Personally, i don't want the DMBS/Searchengine/etc. to handle synonyms/stopwords/etc, as this often fails short when i18n or multi-word synonyms/stopwords are desired. Thus, i would do synonym/stopword mapping before passing the query to search cop as well. However, search_cop maybe could provide a synoym/stopword mapping engine:
search_scope :search do
attributes :title, :description
stopwords do |phrase|
redis.sismember("stopwords:en", phrase)
end
end
such that phrase
will be removed from the query in case the stopword is member of the redis stopword set for english. However, maybe you could double check the MySQL docs and document you findings first.
from search_cop.
I'd guess the
+
operators prevent MySQL from removing them
That's correct.
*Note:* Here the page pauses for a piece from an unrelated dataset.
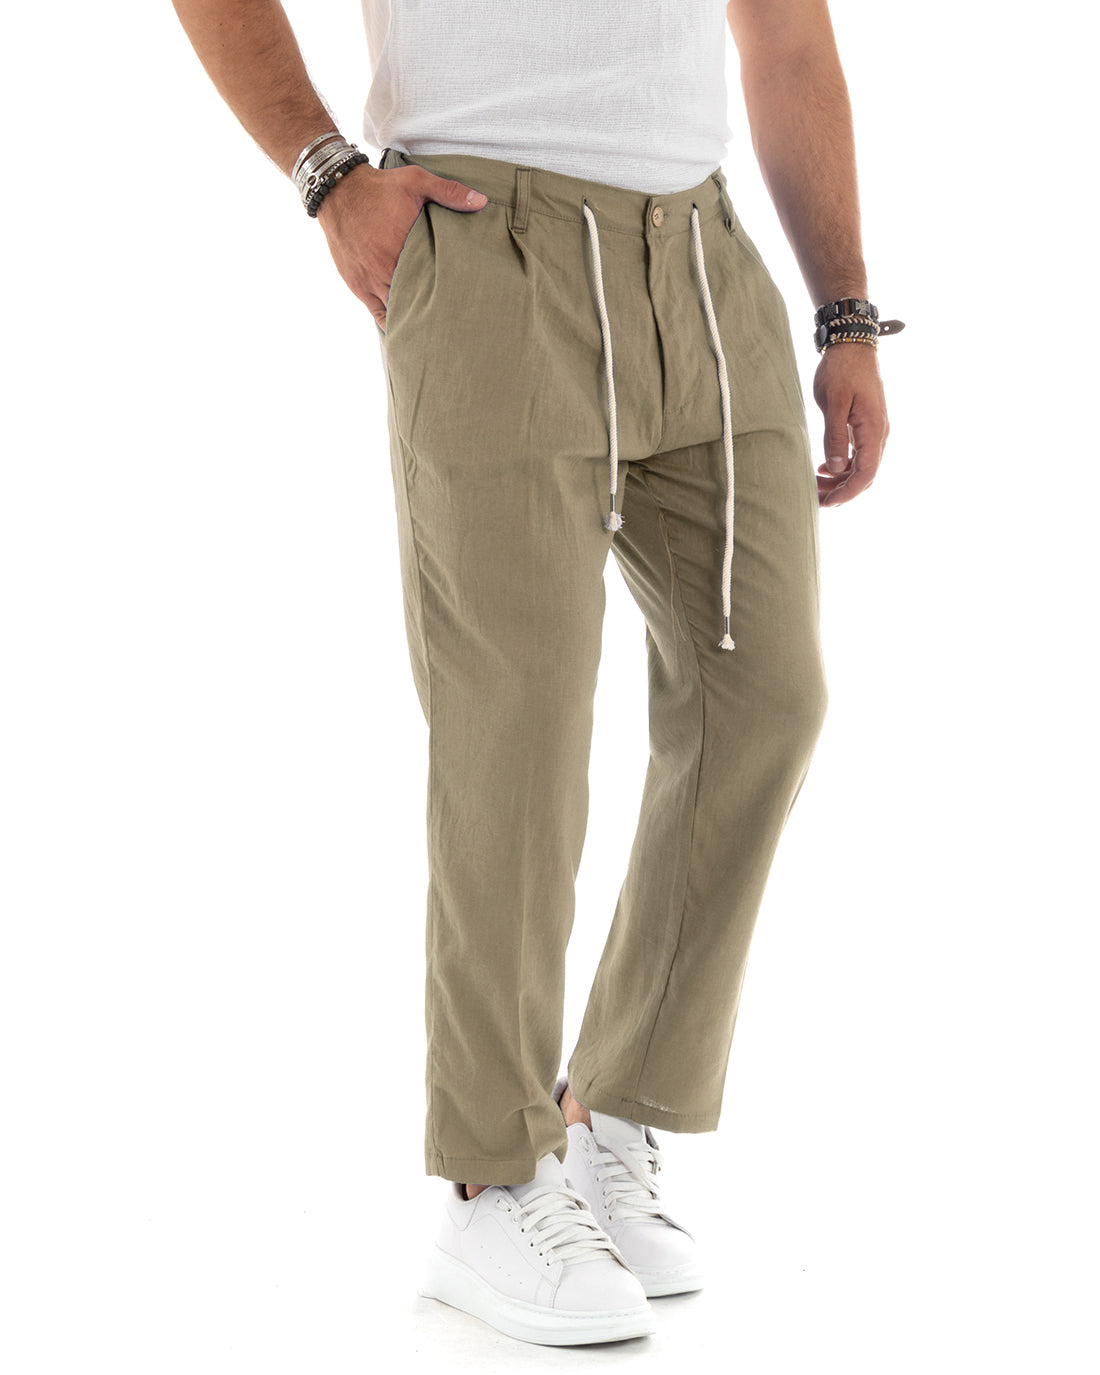 Pantaloni Uomo Lino Tasca America Basic Con Coulisse Elastico Sul Retro Casual Tinta Unita Fango GIOSAL-P6103A

The search query entered is in this example is stranger in a strange land
. The same query done in SQL without the +
preceding the stopwords works fine.
mysql> SELECT artifact_name, title FROM `posts` WHERE ((MATCH(`posts`.`artifact_name`, `posts`.`title`, `posts`.`body`) AGAINST('+stranger in a +strange' IN BOOLEAN MODE)));
+----------------------------+----------------------------------------------------------------------+
| artifact_name | title |
+----------------------------+----------------------------------------------------------------------+
| Stranger in a Strange Land | You can't copy the driver without indexing the back-end SSL circuit! |
| Stranger in a Strange Land | Digitized incremental challenge. |
+----------------------------+----------------------------------------------------------------------+
2 rows in set (0.01 sec)
However, search_cop maybe could provide a synoym/stopword mapping engine:
Agreed. Some sort of an optional pull in makes sense as different users may have different needs. It would certainly be very helpful if the users could simply set it up.
At the moment I have fixed it as below in the application controller code as shown below.
@posts = Post.search(remove_stopwords(params[:search][:query]))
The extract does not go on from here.